### EXERCISE BRIEF
All of the listing must be given again exactly, except that the images are dropped.

### DATA BLOCK
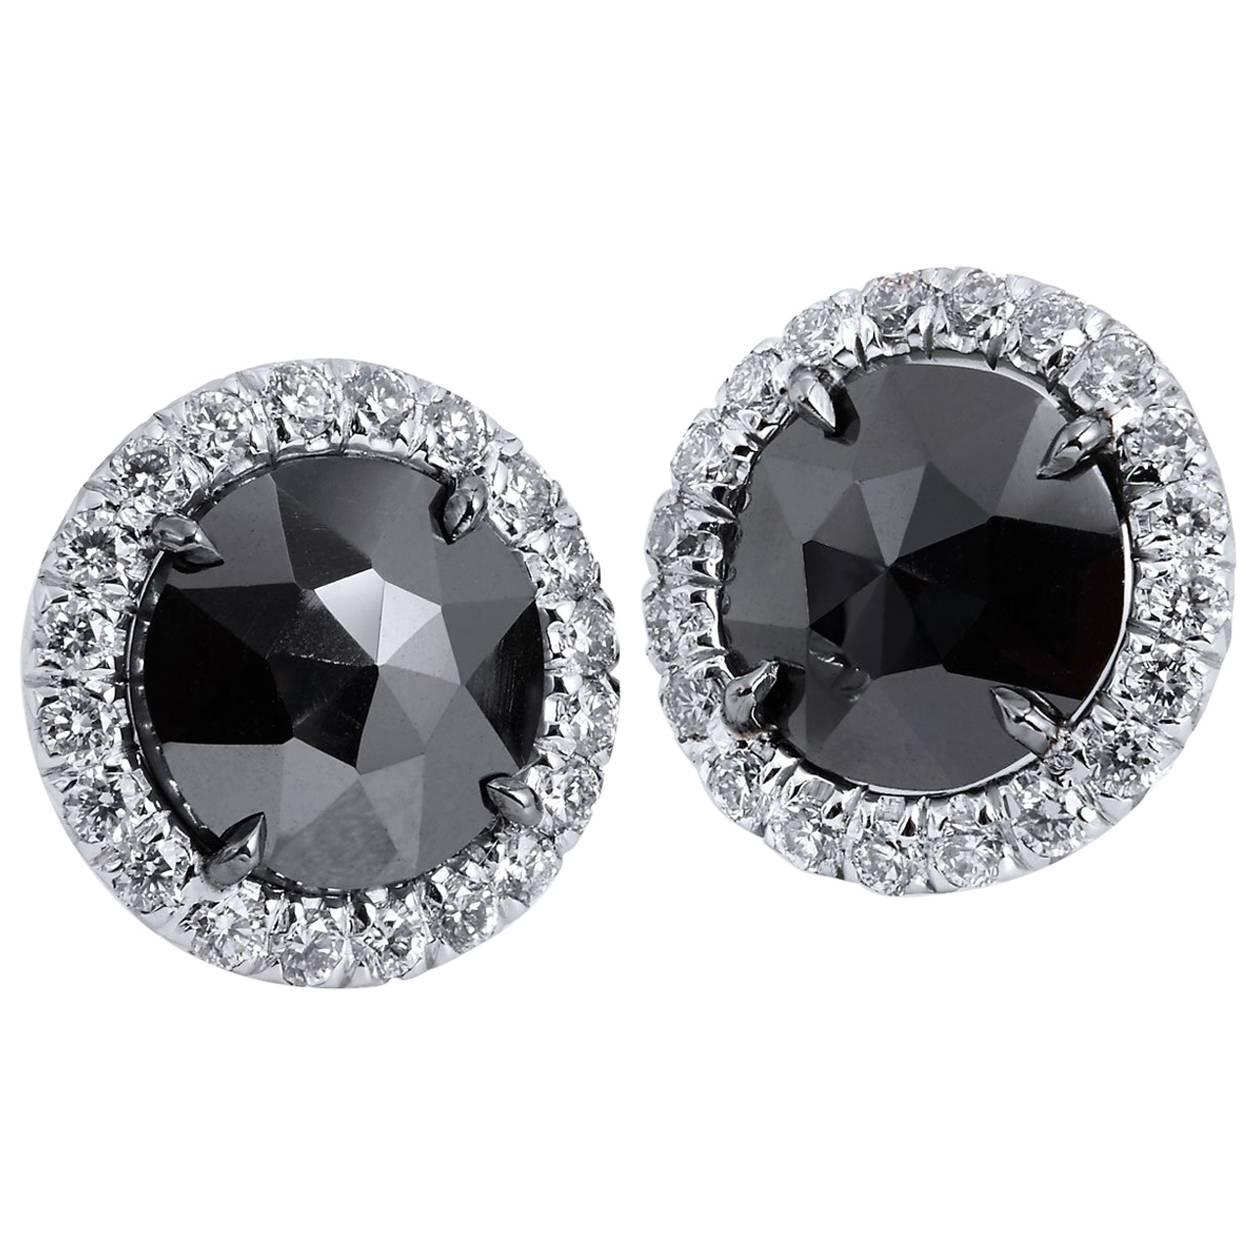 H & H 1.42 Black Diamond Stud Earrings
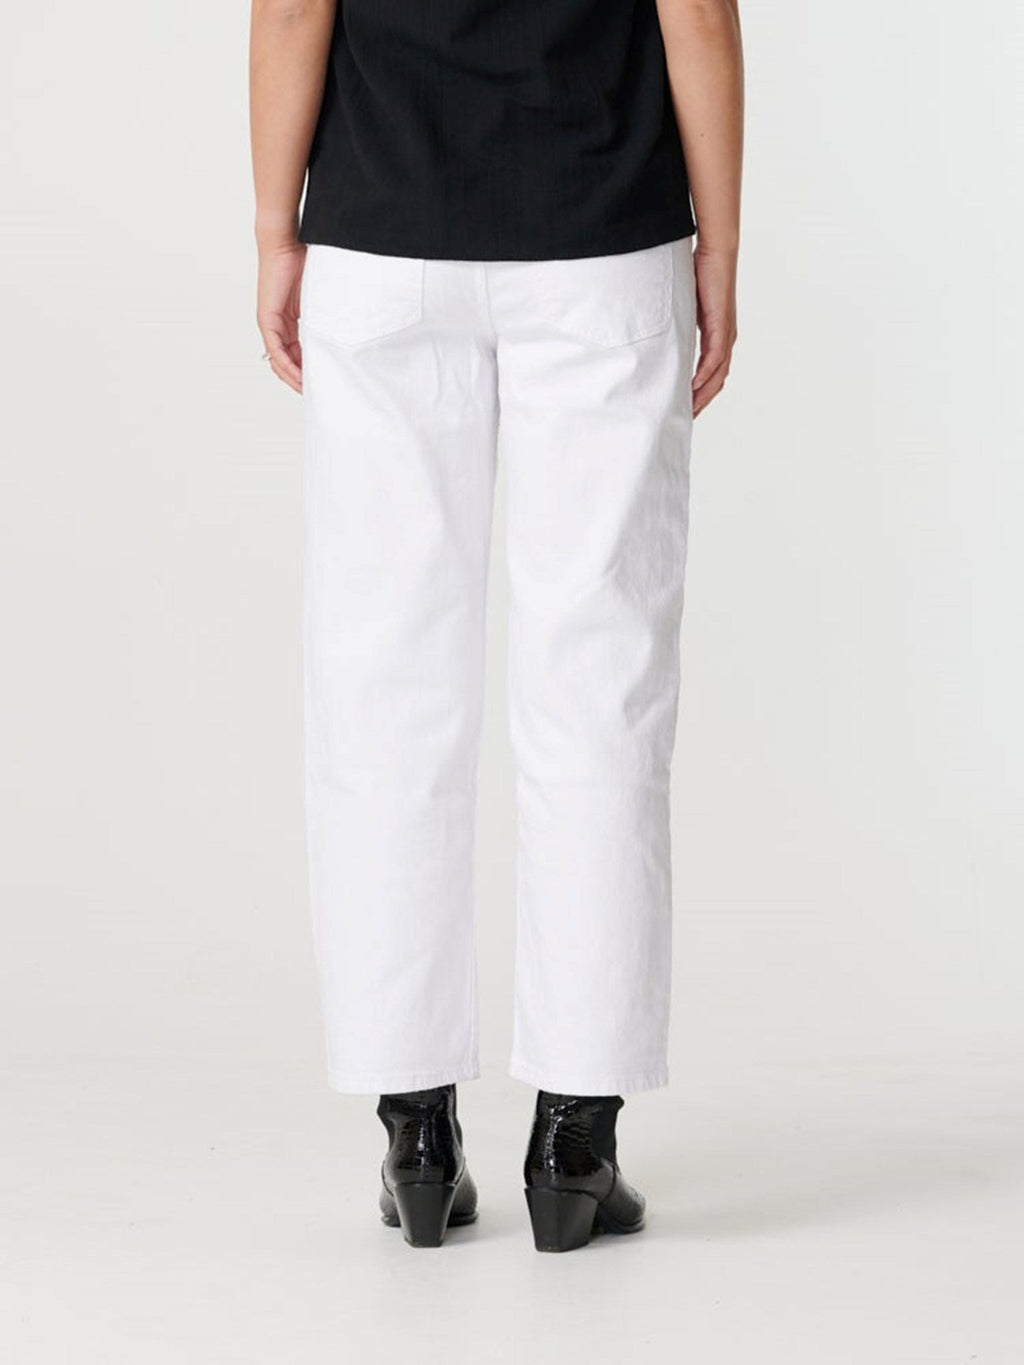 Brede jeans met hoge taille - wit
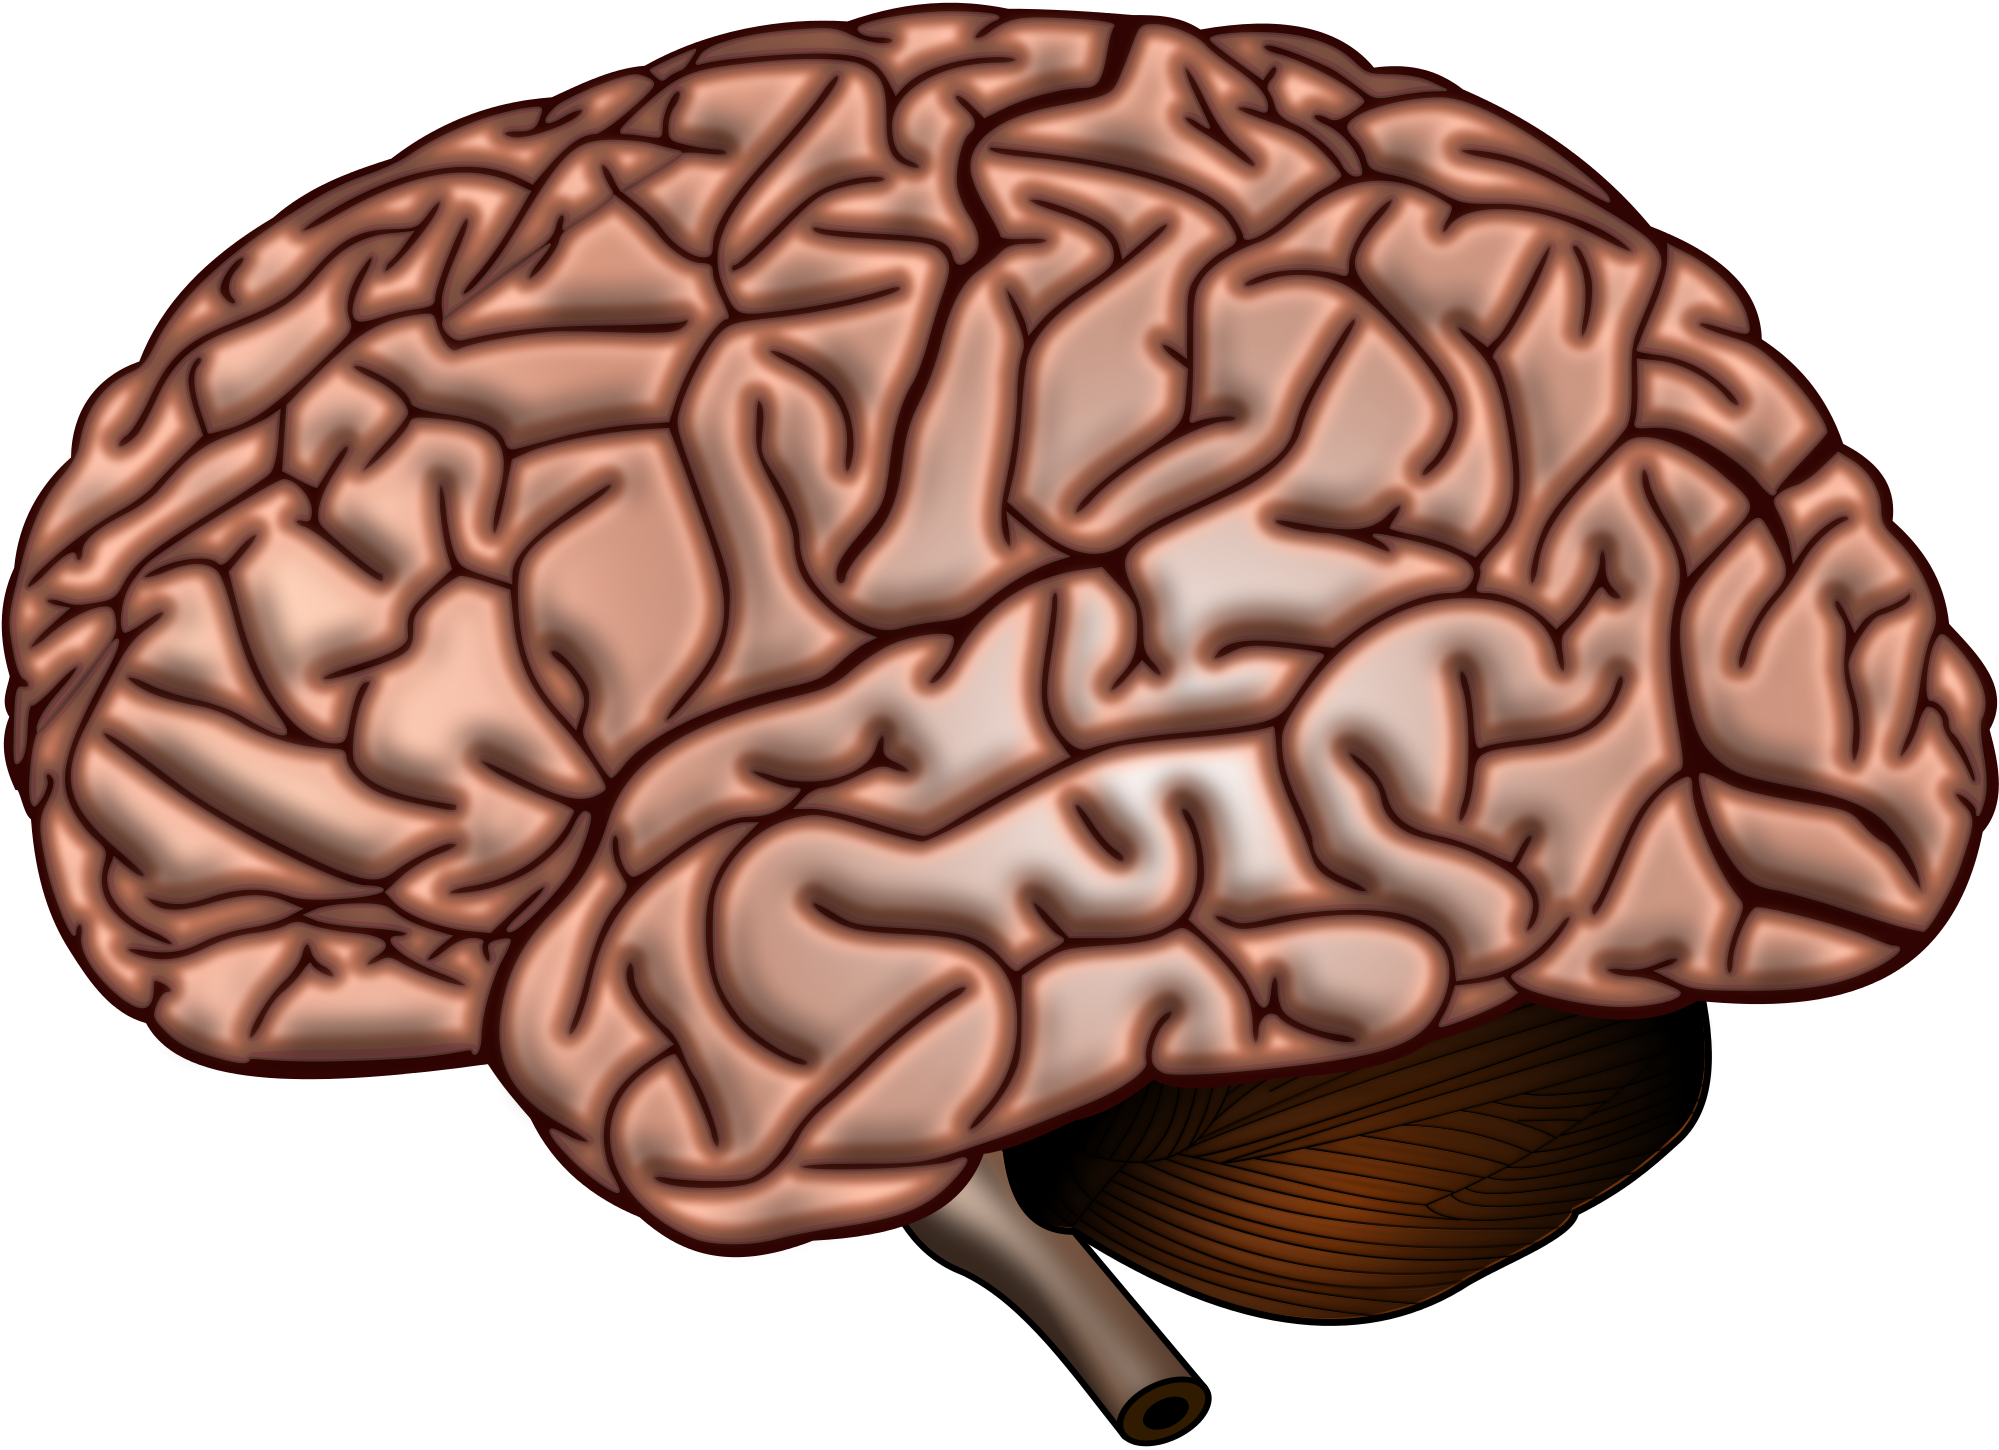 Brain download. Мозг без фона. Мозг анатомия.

### SOLUTION TO THIS TASK
 H & H 1.42 Black Diamond Stud Earrings
 Brede jeans met hoge taille - wit
 Brain download. Мозг без фона. Мозг анатомия.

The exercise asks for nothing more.